Nessun disciplinare mette un tetto massimo al peso delle bottiglie
A dispetto di tali evidenze, purtroppo, ancora troppe aziende vitivinicole italiane, soprattutto al Sud, si distinguono in negativo per la scelta di contenitori troppo pesanti e ingombranti rispetto alle effettive necessità. Né si registra da parte dei consorzi che rappresentano territori di produzione più o meno importanti un impegno collettivo a inserire l’alleggerimento del peso delle bottiglie in modo esplicito nei disciplinari, quasi sempre sprovvisti di norme al riguardo. Nessuno fino a questo momento lo ha ancora fatto. Qualcuno ha addirittura dentro al disciplinare la clausola contraria. Eppure, qualcosa comincia a cambiare.

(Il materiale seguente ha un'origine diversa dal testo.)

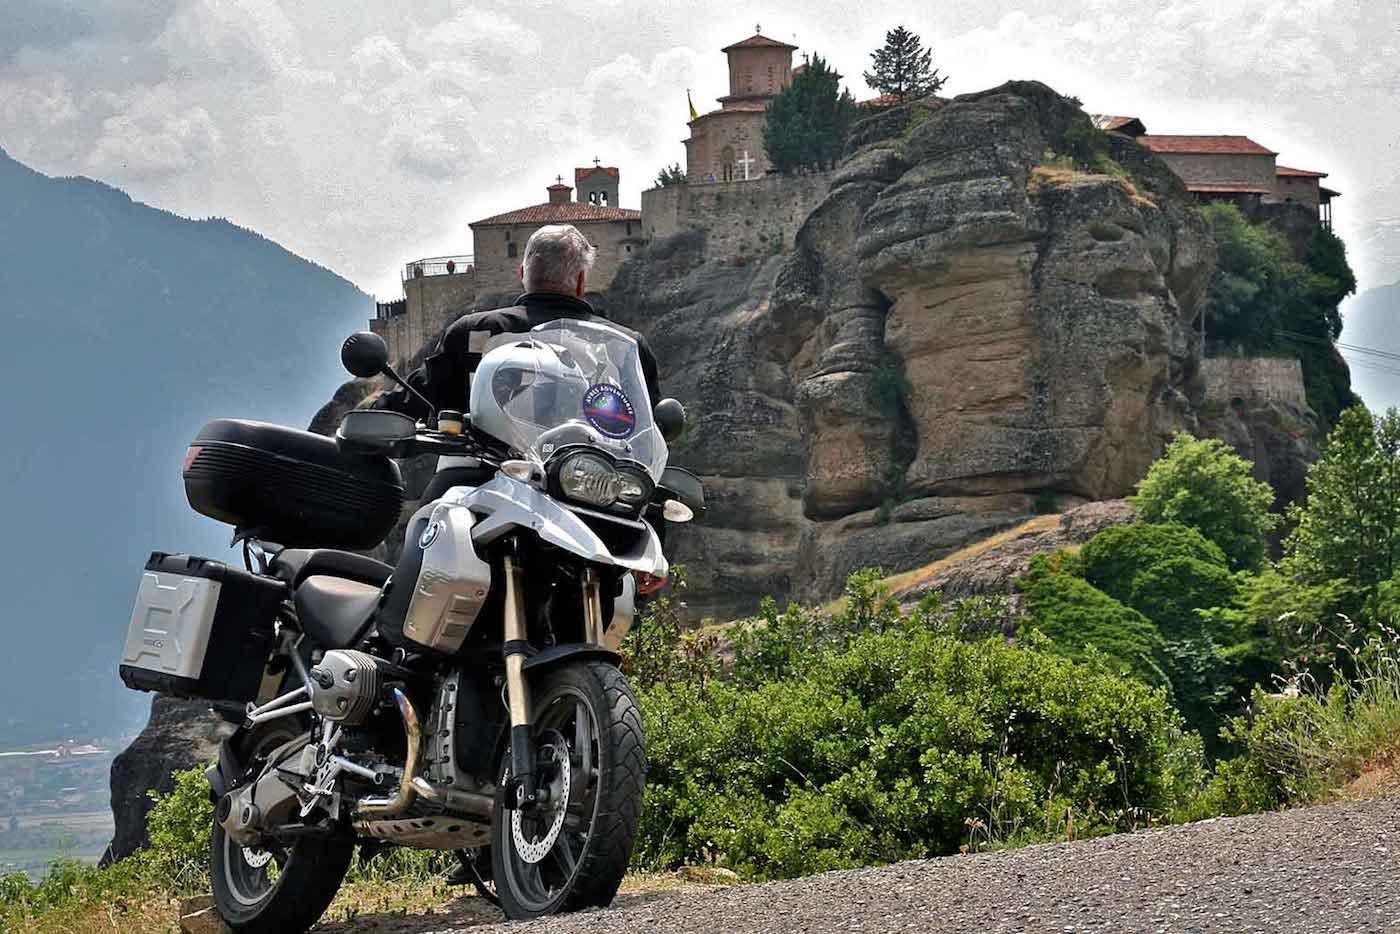 Le top 5 destinazioni europee per i motociclisti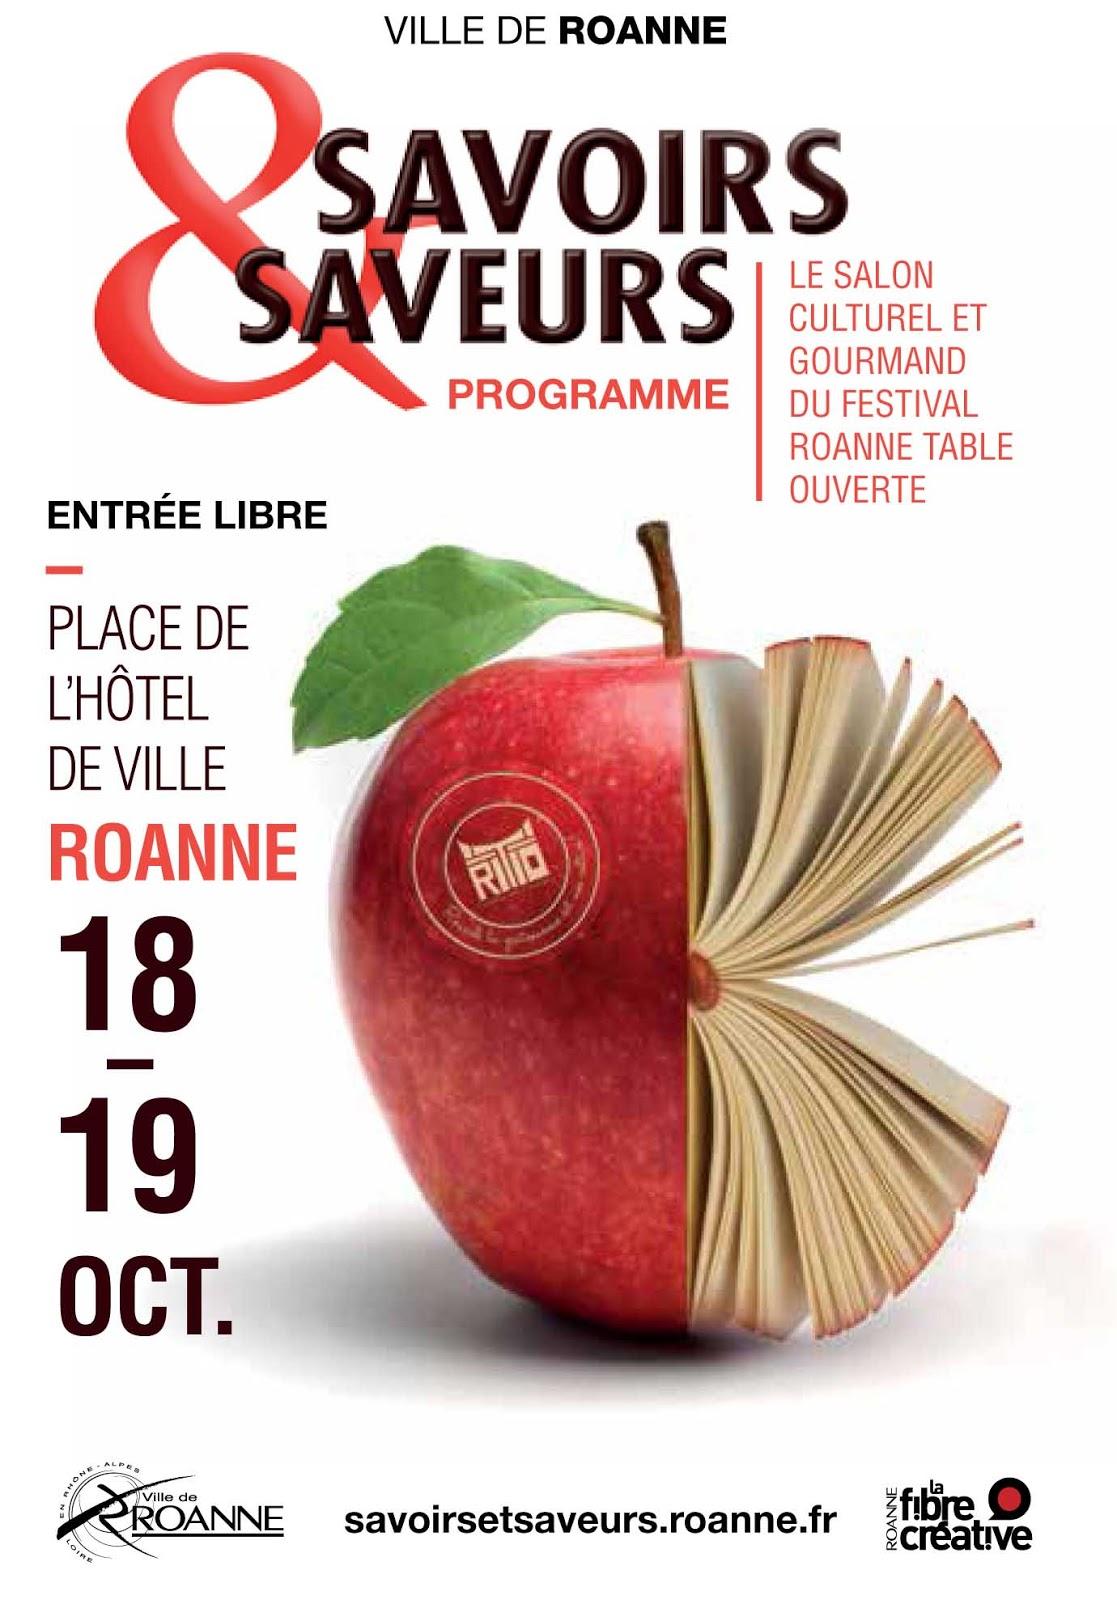 http://leroannais.com/noesit/!/fiche/roanne-table-ouverte-salon-savoirs-et-saveurs-244628

Colli Tortonesi prova ad assicurarsi il primato
“Abbiamo l’obiettivo di inserire la sostenibilità nel disciplinare, meglio vendere del vino che del vetro”, spiega con un po’ di ironia Gian Paolo Repetto, titolare di Vigneti Repetto e presidente del Consorzio tutela Vini Colli Tortonesi. Il nuovo disciplinare del consorzio è in attesa del riconoscimento del ministero, pertanto bisogna ancora attendere per l’ufficialità: l’intenzione - condivisa con le istituzioni - è quella di porre un limite massimo al peso delle bottiglie pari a 600 grammi (“una bottiglia più pesante non avrebbe più senso”, assicura Repetto). Sarebbe così tra i primi consorzi impegnati su questo fronte.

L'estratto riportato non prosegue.